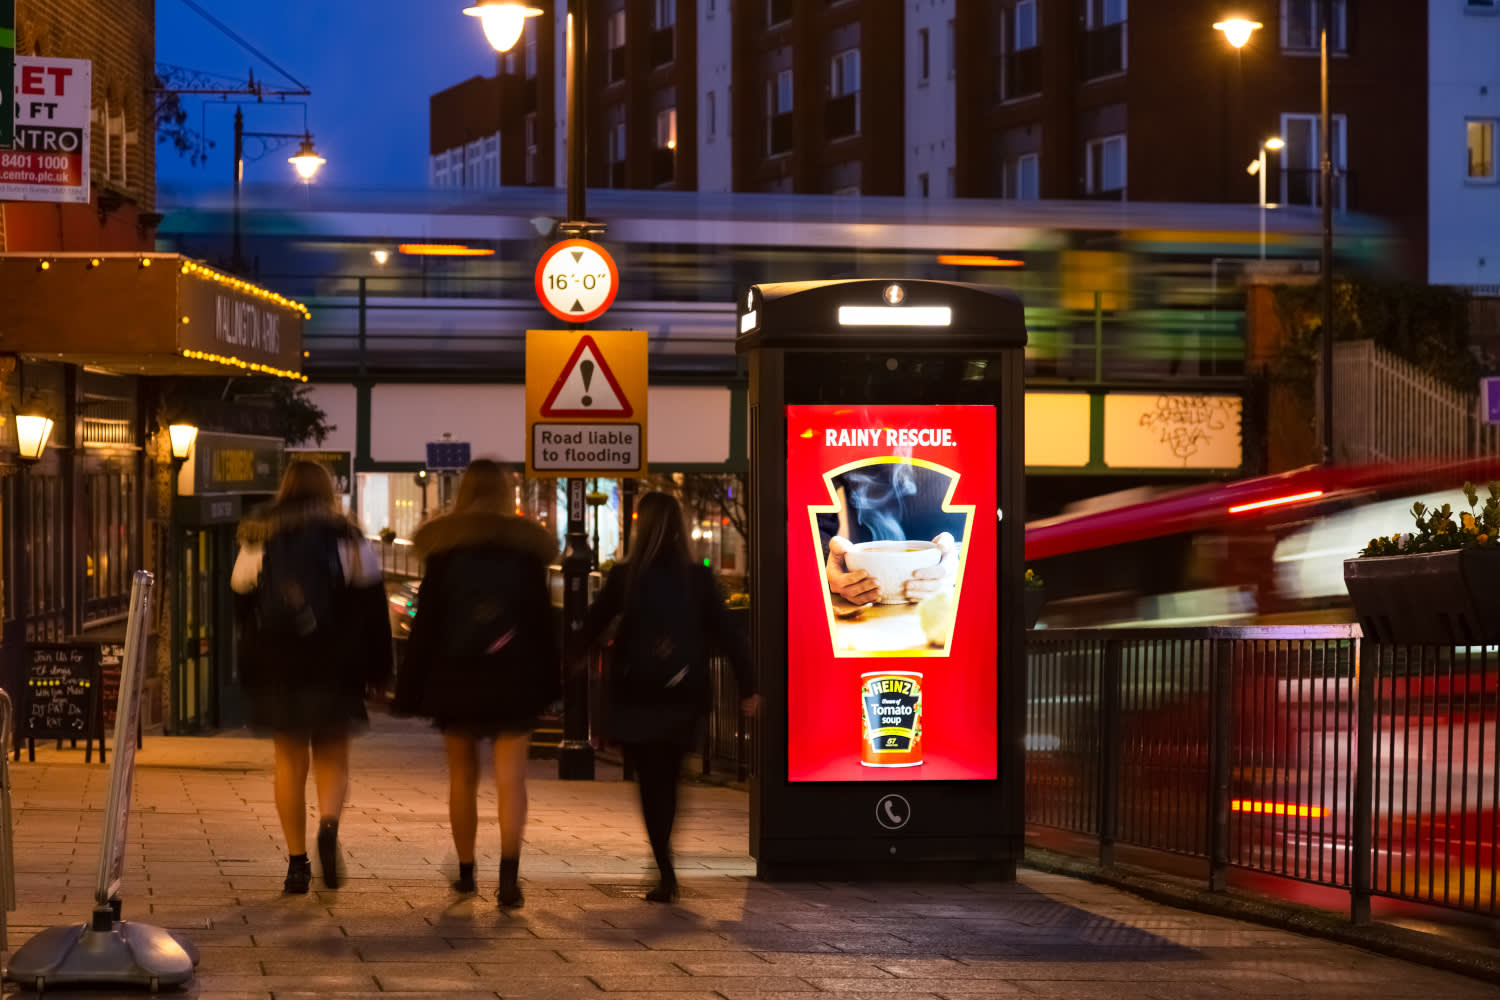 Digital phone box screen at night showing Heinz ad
---+---
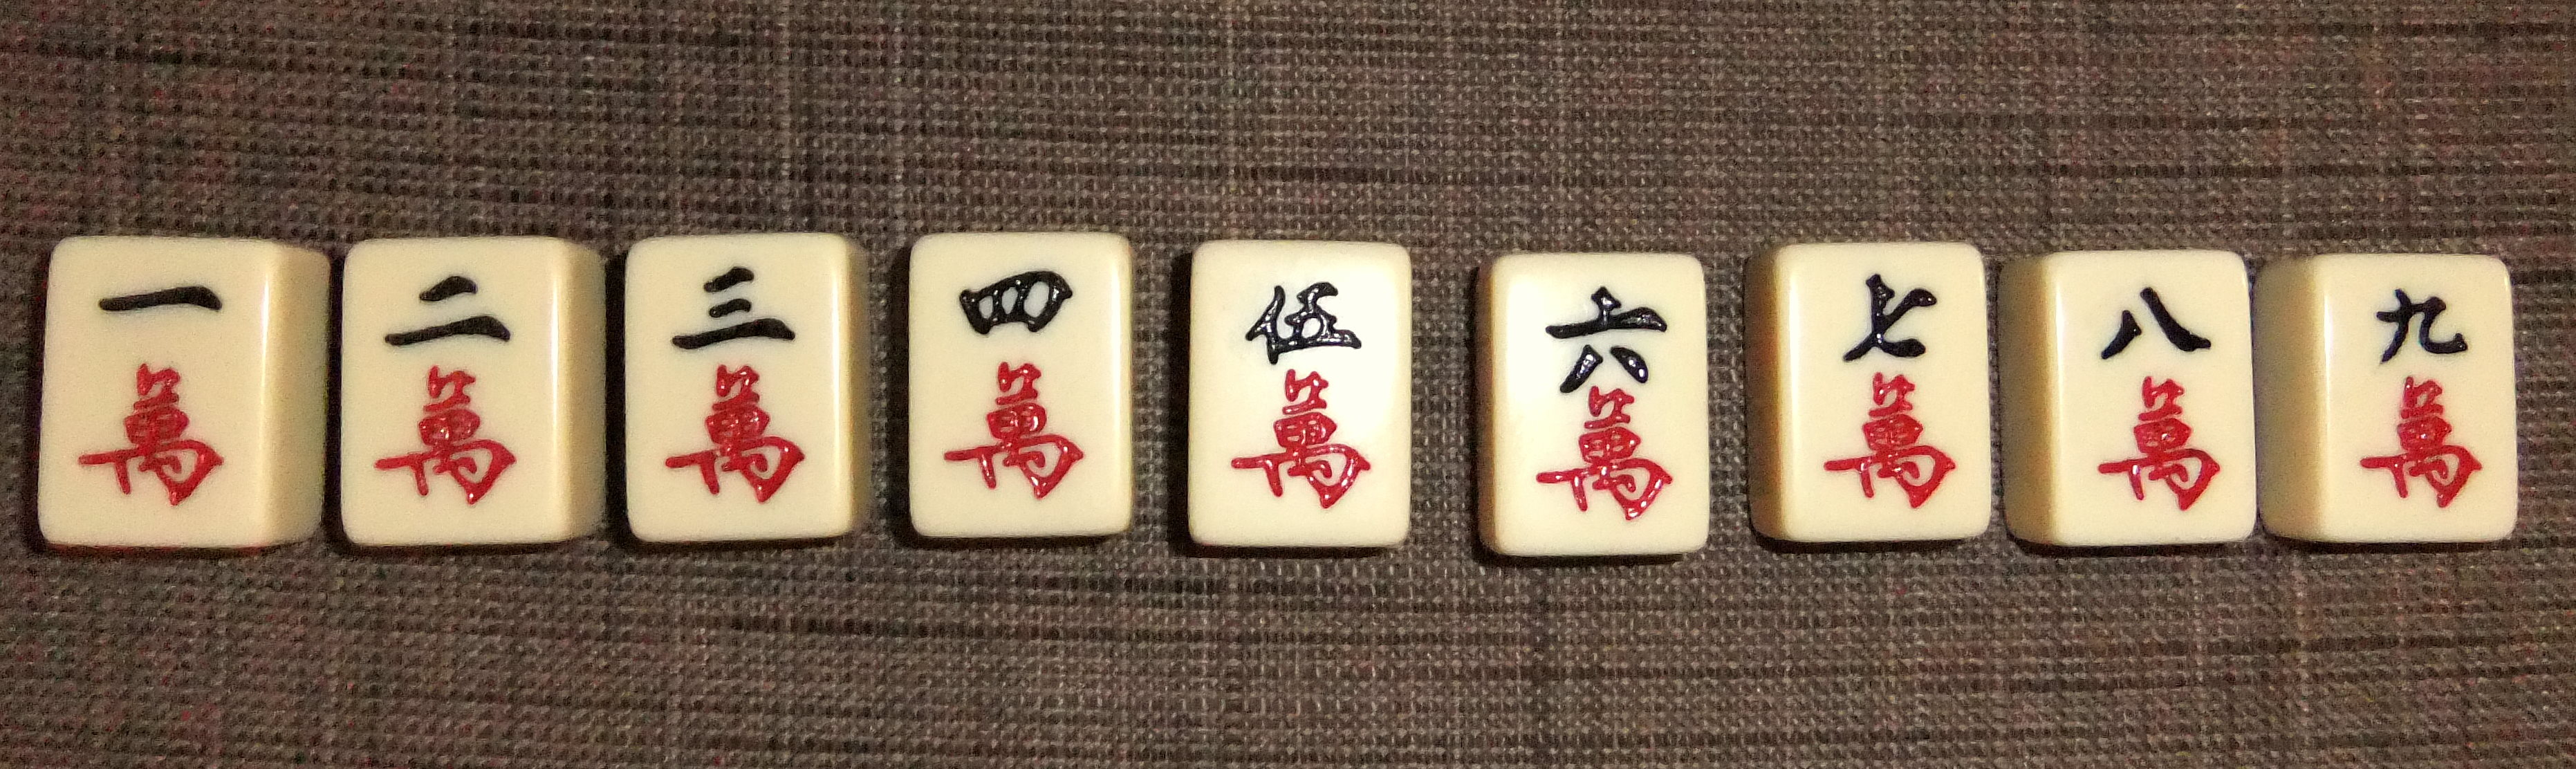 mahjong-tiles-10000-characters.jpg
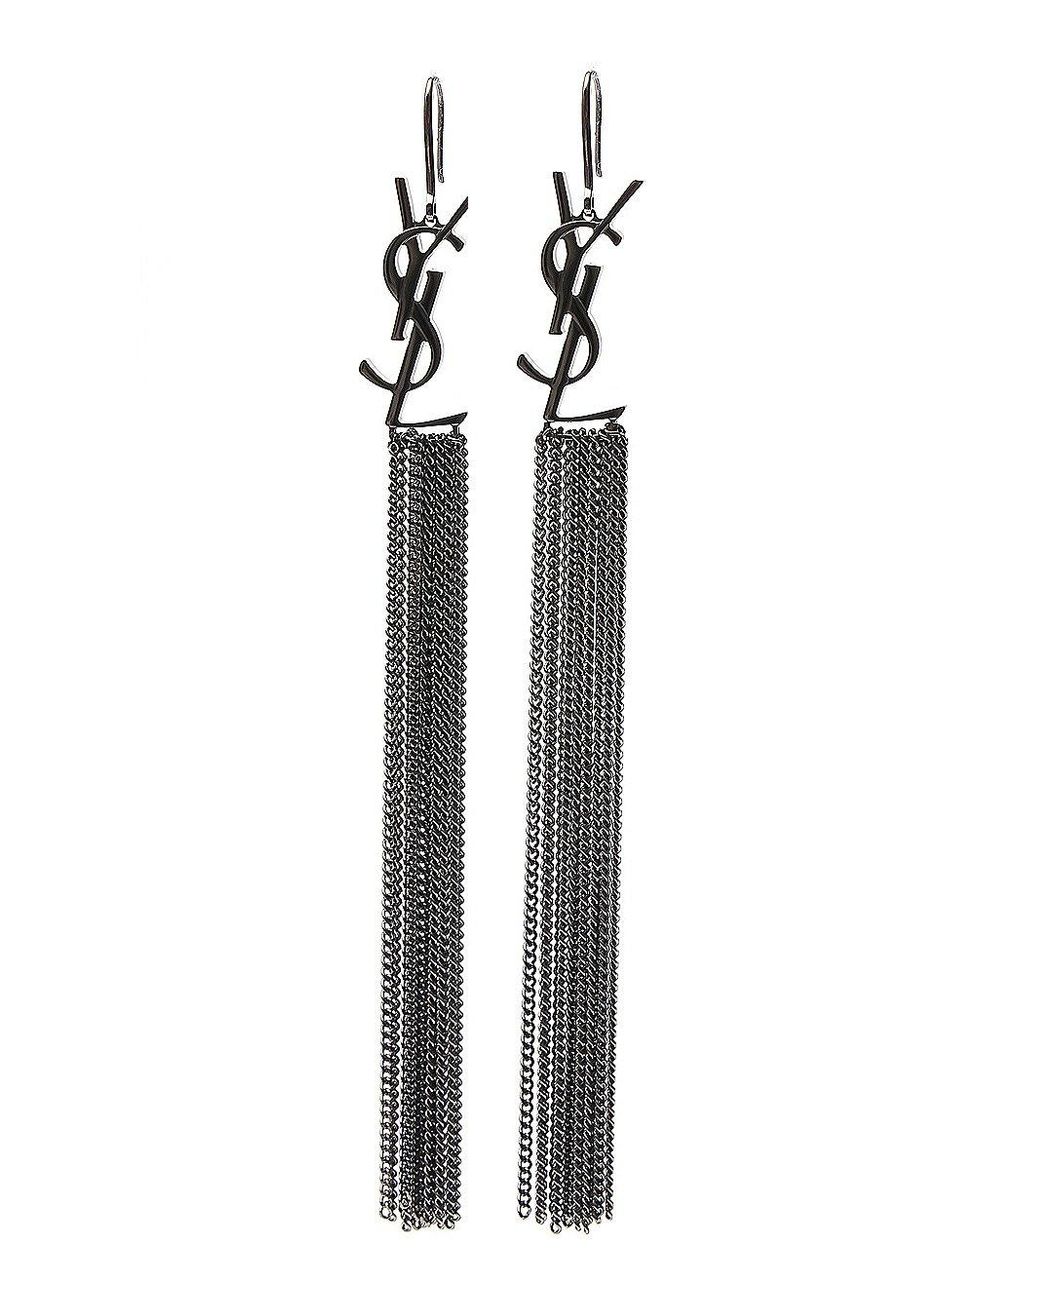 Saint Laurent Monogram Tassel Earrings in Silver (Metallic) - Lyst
---+---
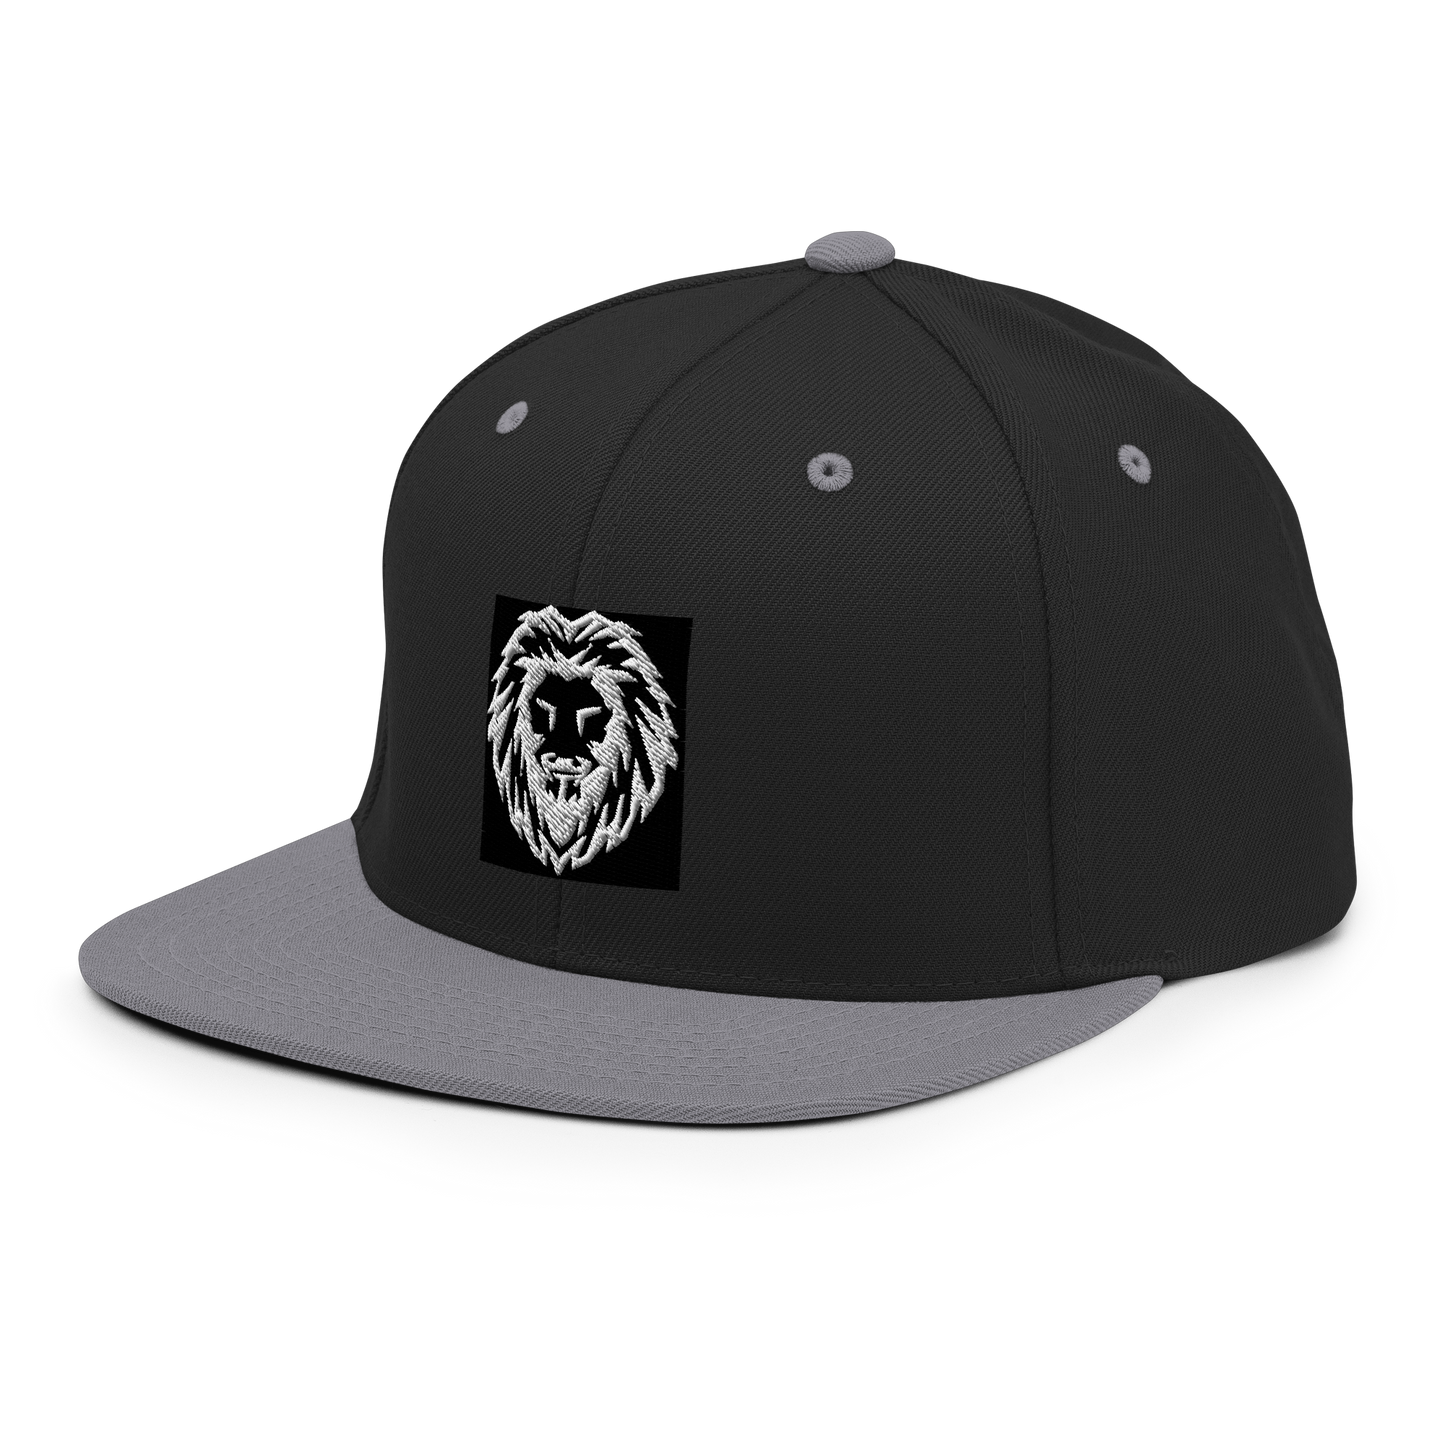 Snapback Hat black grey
---+---
WHAT YOU HAVE TO DO: The answer is the lines above from the one with "mahjong-tiles-10000-characters.jpg" to the one with "Saint Laurent Monogram", set down exactly, with no pictures.

ANSWER TO THIS TASK:
 mahjong-tiles-10000-characters.jpg
 Saint Laurent Monogram Tassel Earrings in Silver (Metallic) - Lyst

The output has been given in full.